07 February 2013 17:26 [Source: ICIS news]
LONDON (ICIS)--Treofan is to ramp up its focus on emerging markets as part of a new strategy to develop the business, the Germany-based bi-axially oriented polypropylene (BOPP) film manufacturer said on Thursday.
The company is currently weighing up the potential of all emerging markets, as well as mature markets such as Japan, where the company does not have a strong presence. Immediate priorities are the Indian, eastern European, Brazilian and the Asia Pacific regions.
According to Vanacker, Treofan will pursue joint ventures and cooperative arrangements with local players, and consider the potential for acquisitions. However, the company is more likely to pursue a straight joint venture route in China and Latin America, whereas full acquisitions are more likely in eastern Europe and India.
The company – which is the largest BOPP producer in Europe and the third-largest in North America – currently derives around 40% of its turnover from outside Europe.
“[We are] looking at emerging markets with different eyes than we maybe have in the past. We are already one of the top three global BOPP manufacturers, but in South America, Asia Pacific and Africa, we are not really doing anything with innovation,” Vanacker said.
The company signed a non-binding agreement in September 2012 to acquire Indian producer Max Specialty Films, the BOPP subsidiary of conglomerate Max India. However, negotiations between Treofan and the company’s current owners are ongoing, and the deal may not close until near the end of this year, according to Vanacker.
He said: “We are still negotiating. We made a non-binding offer in September, and now we have the discussions and negotiations to bring the deal to a binding point.

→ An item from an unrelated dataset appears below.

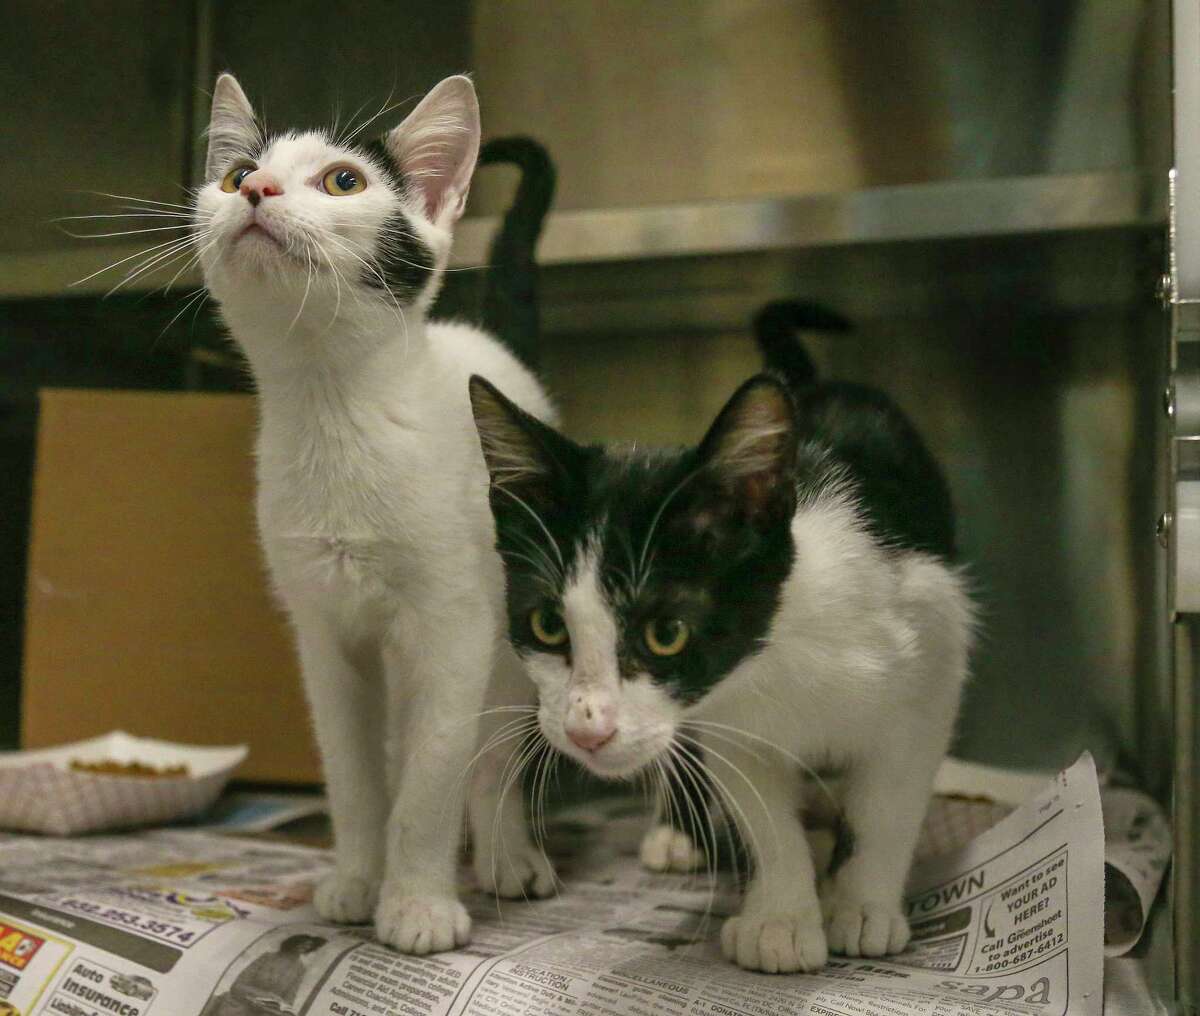 Lenny (left, A577404) and his brother, Squiggy (right, A577403) are 16-week-old, male, black/white Tuxedo kittens available for adoption at Harris County Pets. Photographed Wednesday July 21, 2021, in Houston. Lenny and Squiggy, along with their sisters, Laverne and Shirley, were found abandoned at a local animal hospital, and brought into the shelter on June 29th.

“By experience, reaching out to an emerging market, that always takes a little longer than to make an acquisition in a mature market, so I would say this should be finalised in 10-12 months, by the end of 2013, if we are successful,” he added.
India is one of the fastest-growing markets for BOPP, with consumption in the country likely to have grown by 14-15% between April 2012 and March 2013. Growth is more sluggish in the west, but overcapacity has been a more significant issue for the industry, according to Vanacker.
He said: “Growth was not the issue for the BOPP films business, also not in the mature markets. What is and has been an issue for the BOPP film industry has been the irrational investment in additional capacities without looking at supply and demand and considering if demand growth is adequate in the marketplace to fill such expansion.”
The company is also looking to expand beyond its key sector of packaging films into technical films and separator technologies, Vanacker added.